Taos Amrouche: l’héritage kabyle

Né en Tunisie de parents algériens et chrétiens, la romancière et chanteuse raconte, à travers son art son exil, ses souffrances et comment trouver sa place en tant que femme dans un monde dominé par les hommes.

L’artiste Taos Amrouche voit le jour à Tunis, lieu où sa famille a déposé ses valises après avoir quitté leur terre natale: les montagnes de Kabylie en raison de leurs croyances religieuses. Elle connaîtra une enfance solitaire, en marge des autres. Ne parlant pas la langue arabe, il était difficile pour elle de se sentir intégrée dans la société tunisienne. Tout au long de sa vie, elle utilisera son art pour narrer les relations franco-algériennes, la fierté de ses origines berbères.

En 1947, elle devient la première romancière tunisienne et algérienne à publier une oeuvre en langue française. Jacinthe Noir raconte le sentiment d’exil, la trajectoire singulière de sa famille. Le livre relate également le respect qu’elle porte à l’égard de ses parents:

Mon père a quitté la Kabylie, il était autrefois instituteur, et il est venu prendre un emploi dans les chemins de fer à Tunis. J’ai eu des parents exemplaires : ma mère est une femme fort cultivé en français et en berbère, qui a fait partie du premier essai d’école laïque en 1883. Mais elle avait aussi le sens de la tradition, le sens de sa race et on nous a appris le respect des ancêtres, le respect des valeurs traditionnelles et le sens de l’honneur. » Taos Amrouche

Elle chante avec amour et avec beaucoup de fierté les chansons berbères transmises par sa mère Fadhma Ait Mansour. Taos Amrouche défendra par la suite la reconnaissance de la langue kabyle. Celle-ci est d’ailleurs la première artiste à avoir fait découvrir les mélodies berbère au public français mais est restée pendant fort longtemps méconnue du public algérien. La cantatrice se produit dans différents pays africains tels que le Maroc ou le Sénégal mais jamais dans son pays d’origine, l’Algérie. Elle n’est pas invitée au Festival culturel panafricain d’Alger en 1969.

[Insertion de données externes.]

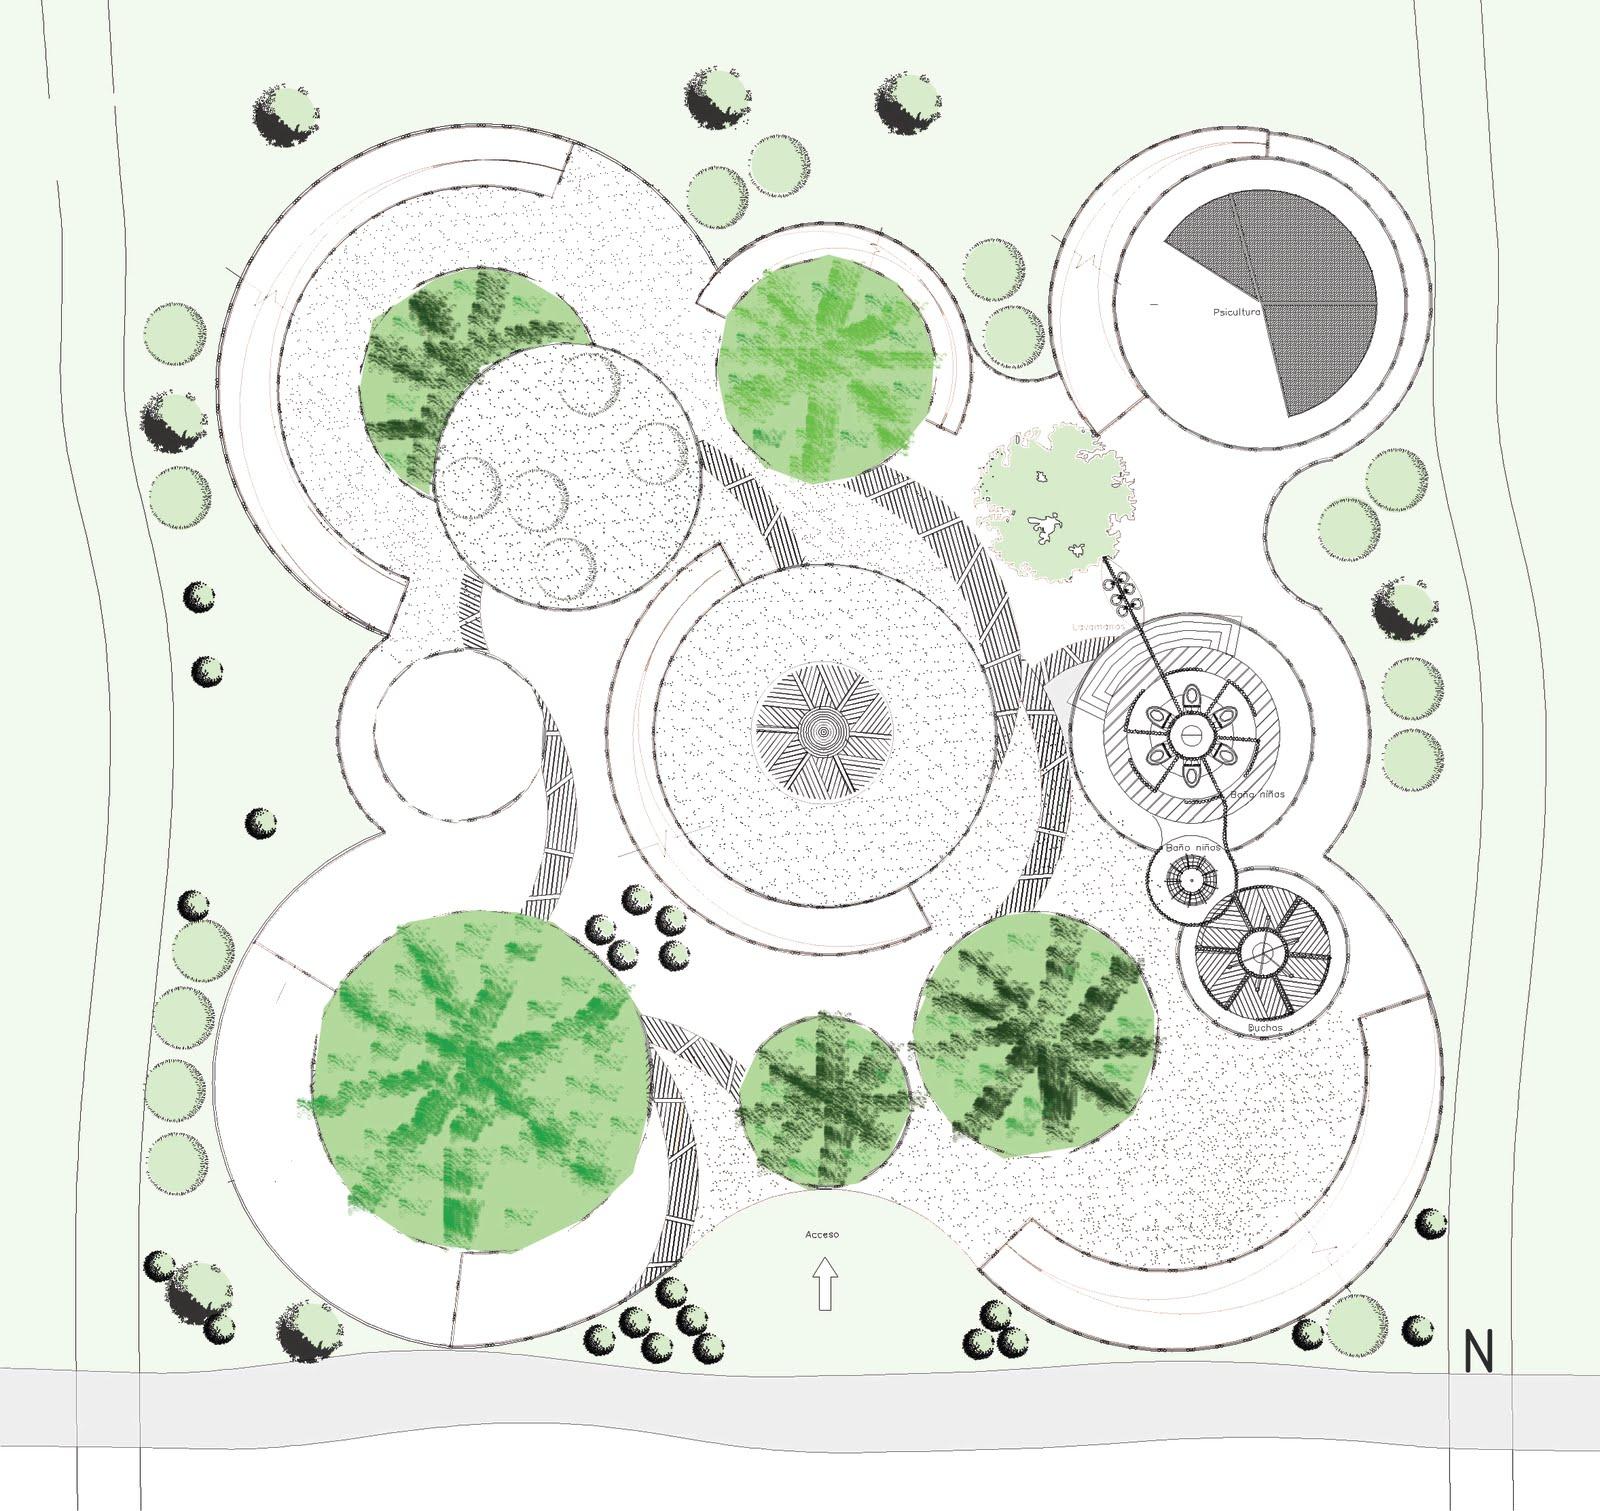 Setas novogranatense planta arquitect nica an lisis for Planta arquitectonica biblioteca
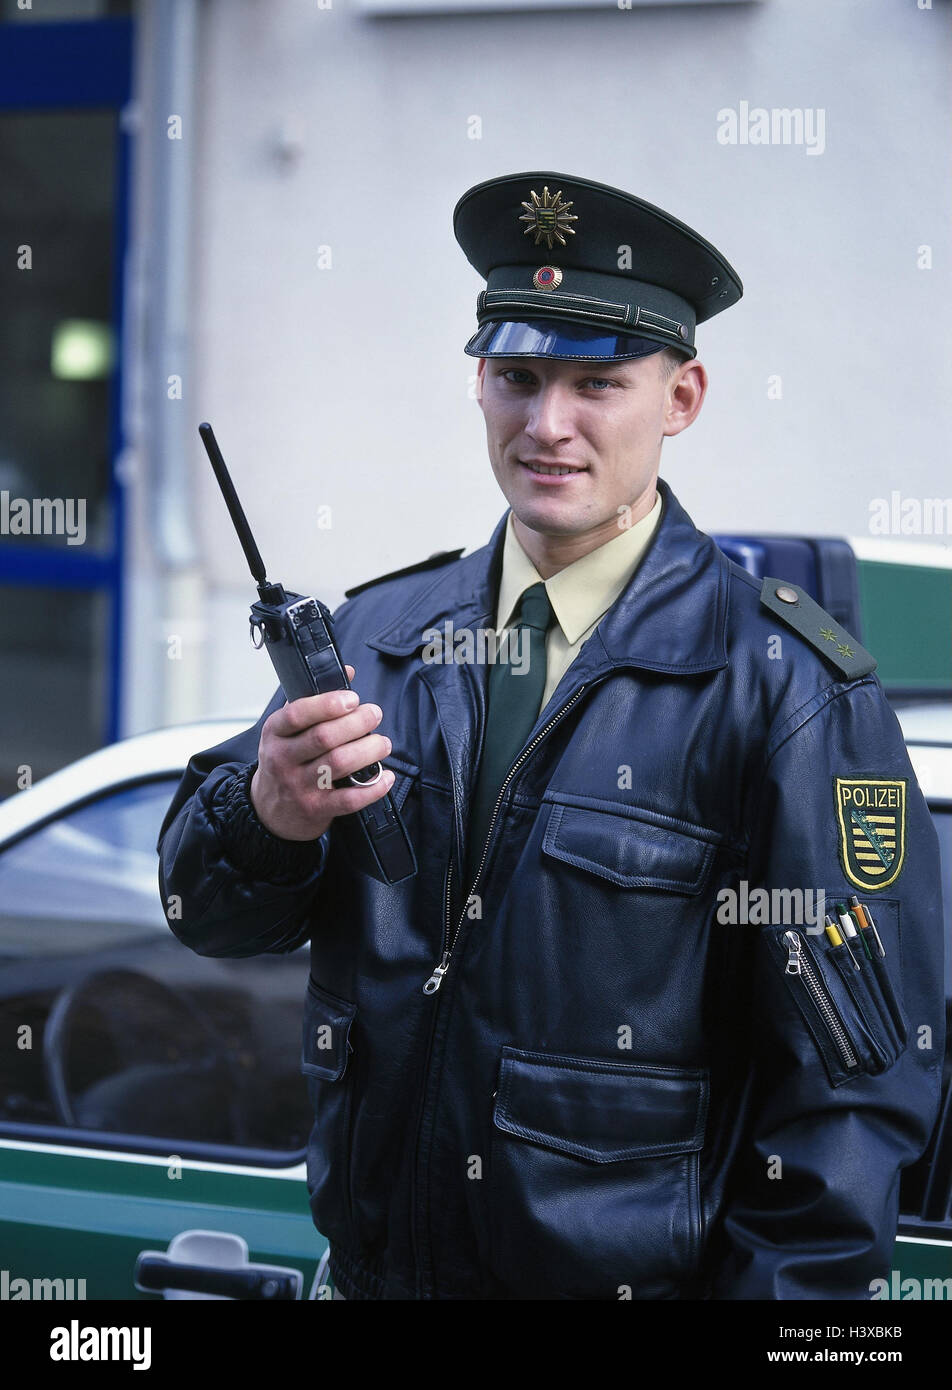 Policeman, transceiver, half portrait, occupation, work, work, police, man, uniform, police uniform, police officer, - Stock Image

Je me sentais également en marge parce que j’étais aussi coupée du monde musulman. Je n’en faisais pas partie. Alors si bien qu’on était toujours plus ou moins en porte-à-faux. » Taos Amrouche

Après avoir passé toute sa vie en Tunisie avec ses parents, elle s’envole seule pour la France en 1934 où elle intègre l’Université de La Sorbonne. Taos Amrouche y entreprend des études de Lettres mais encore une fois elle se sentira en marge de la société. Elle sera vue comme une sauvage, une brebis égarée. Cette expérience changera à tout jamais sa vision de la France. Auparavant, la romancière était une grande admiratrice du pays des philosophes des Lumières mais cet amour va se transformer en grande déception. Elle vit à ses dépends une autre réalité à laquelle personne l’avait préparé. Marguerite Taos, nom donné à son baptême religieux refuse d’abandonner. Elle s’entoure de nombreux intellects français dans les cafés littéraires pour faire entendre sa personnalité et son talent.

En 1966, elle participe à la fondation de l’académie berbère à Paris, association culturelle vouée aux cultures amazigh (berbère). L’organisation avait pour but de contribuer à l’éclosion et à l’éveil de la reconnaissance de la culture berbère trop souvent marginalisée. Ce comité est d’ailleurs à l’origine de la création du drapeau Amazigh. Elle sera finalement dissoute en 1978 suite aux pressions menées par le gouvernement algérien sur la France.

La même année, l’autrice publie un recueil nommé Le grain magique qu’elle signe au nom de Marguerite-Taos Amrouche en hommage à sa mère qui l’a fait baigner dans la culture berbère. Dix ans plus tard, elle s’éteint en France, à l’âge de 63 ans. Malgré les années, elle demeure encore dans les esprits de beaucoup de personnes. Elle était et restera la voix de toutes les femmes qui veulent se libérer de la domination masculine. Ces chants restent un trésor inestimable pour grand nombre de personnes car elle a su relater à travers son vécu les souffrances de chacun à une époque rythmée par la colonisation et la censure. Taos Amrouche est devenu au fil de son existence l’une des pionnières du peuple amazigh d’Algérie.